# HELP! cichlids turning white???



## marwari31

i have had two electric yellow cichlids for over 8 months and just today they turned almost completely white, loosing their black fin tips and everything...also they seem to have little red dots around their mouths....there is nothing new, no new water changes or fish or anything so i couldnt imagine that they would be stressed in any way...what do i do?!?


**Edit** - also they seem to have gotten much bigger in the past few hours...like they grew at least a 1/4 of an inch in 9 hours.....


----------



## herefishy

Pictures?


----------



## willow

test water results,what have you fed them,
what else is in the tank,decorations,tank mates,
what filter.tank temperature.
sorry for all the questions,however they may help people to help you.


----------



## marwari31

well...i woke up this morning and they were yellow again, but they still havent regained their black stripe on their top fin...

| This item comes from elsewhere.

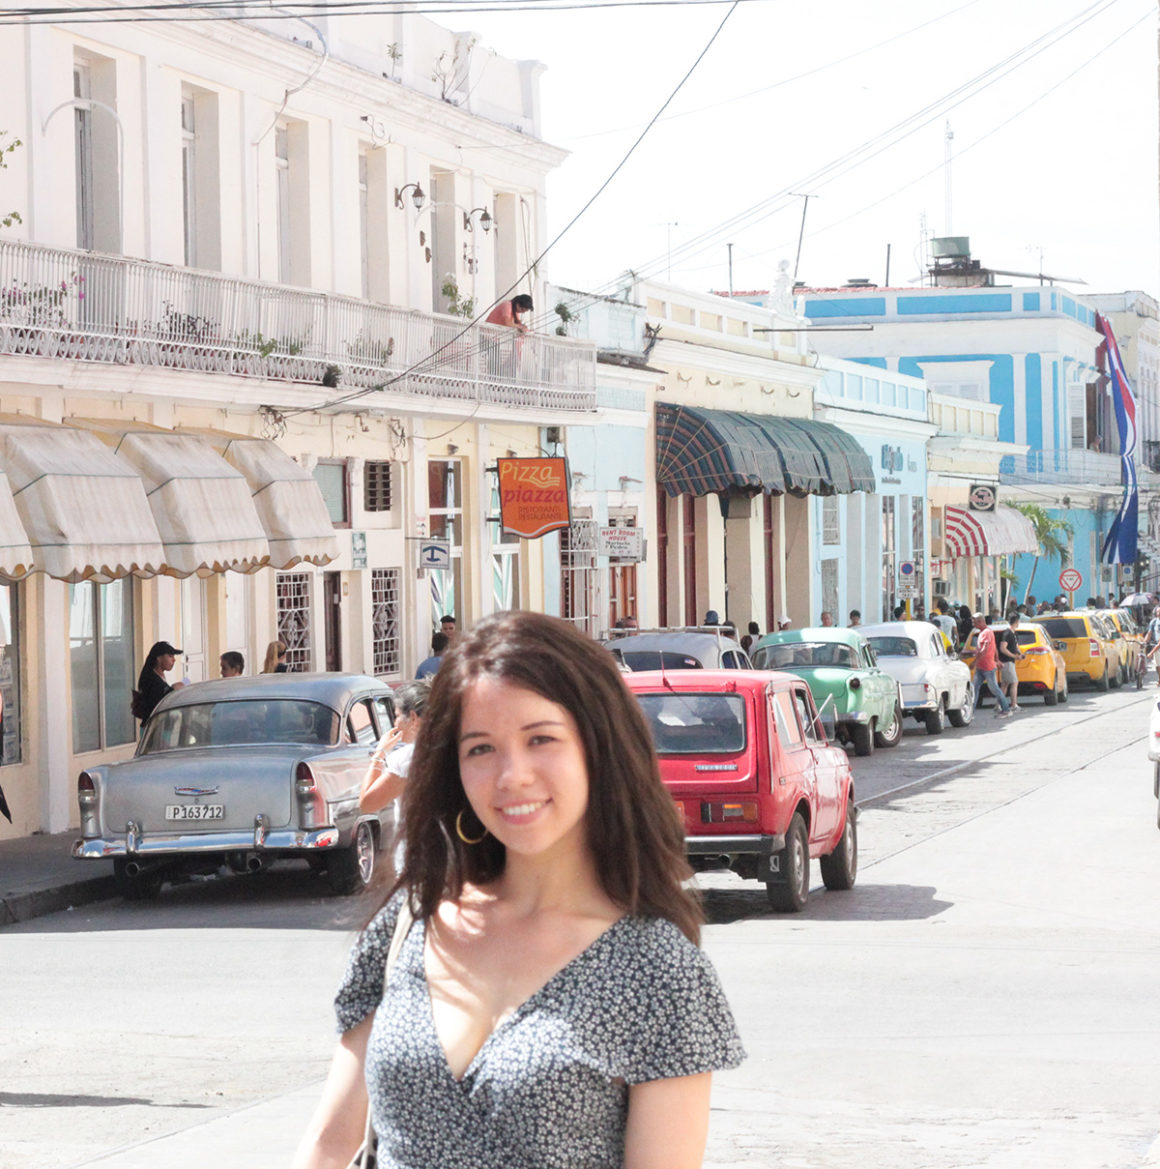 One day or one night in Cienfuegos - things to do in Cuba

the temp is about 78 ish, its a whisper filter, 10 gallon tank, they are about 2 1/2 inches and 2 inches long, didnt get the water tested yet...going to the pet store tonight, 2 smaller plecos live there too, slate, glass, 2 plastic plants, and regular aquarium gravel are in the tank, they are fed a cichlid flake food twice a day, 

could their issue have anything to do with the light being left off accidentally all day yesterday?? they are in a dark room with not a lot of natural sunlight

here is a couple of pictures i took really quick...they are not very photogenic creatures....








this is the littler one








this is the bigger guy








and this is a pic of the whole tank including the bigger pleco in the corner


----------



## iamntbatman

My kribensis cichlids have three different color modes, for the most part: regular daytime colors, stressed washed-out colors, and night colors. During the night they completely lose their stripes and gain a checkerboard pattern. Maybe having the lights off all day had a similar effect on your fish. It would still be helpful to know your tank info/water parameters in order to rule out other possibilities, though.


----------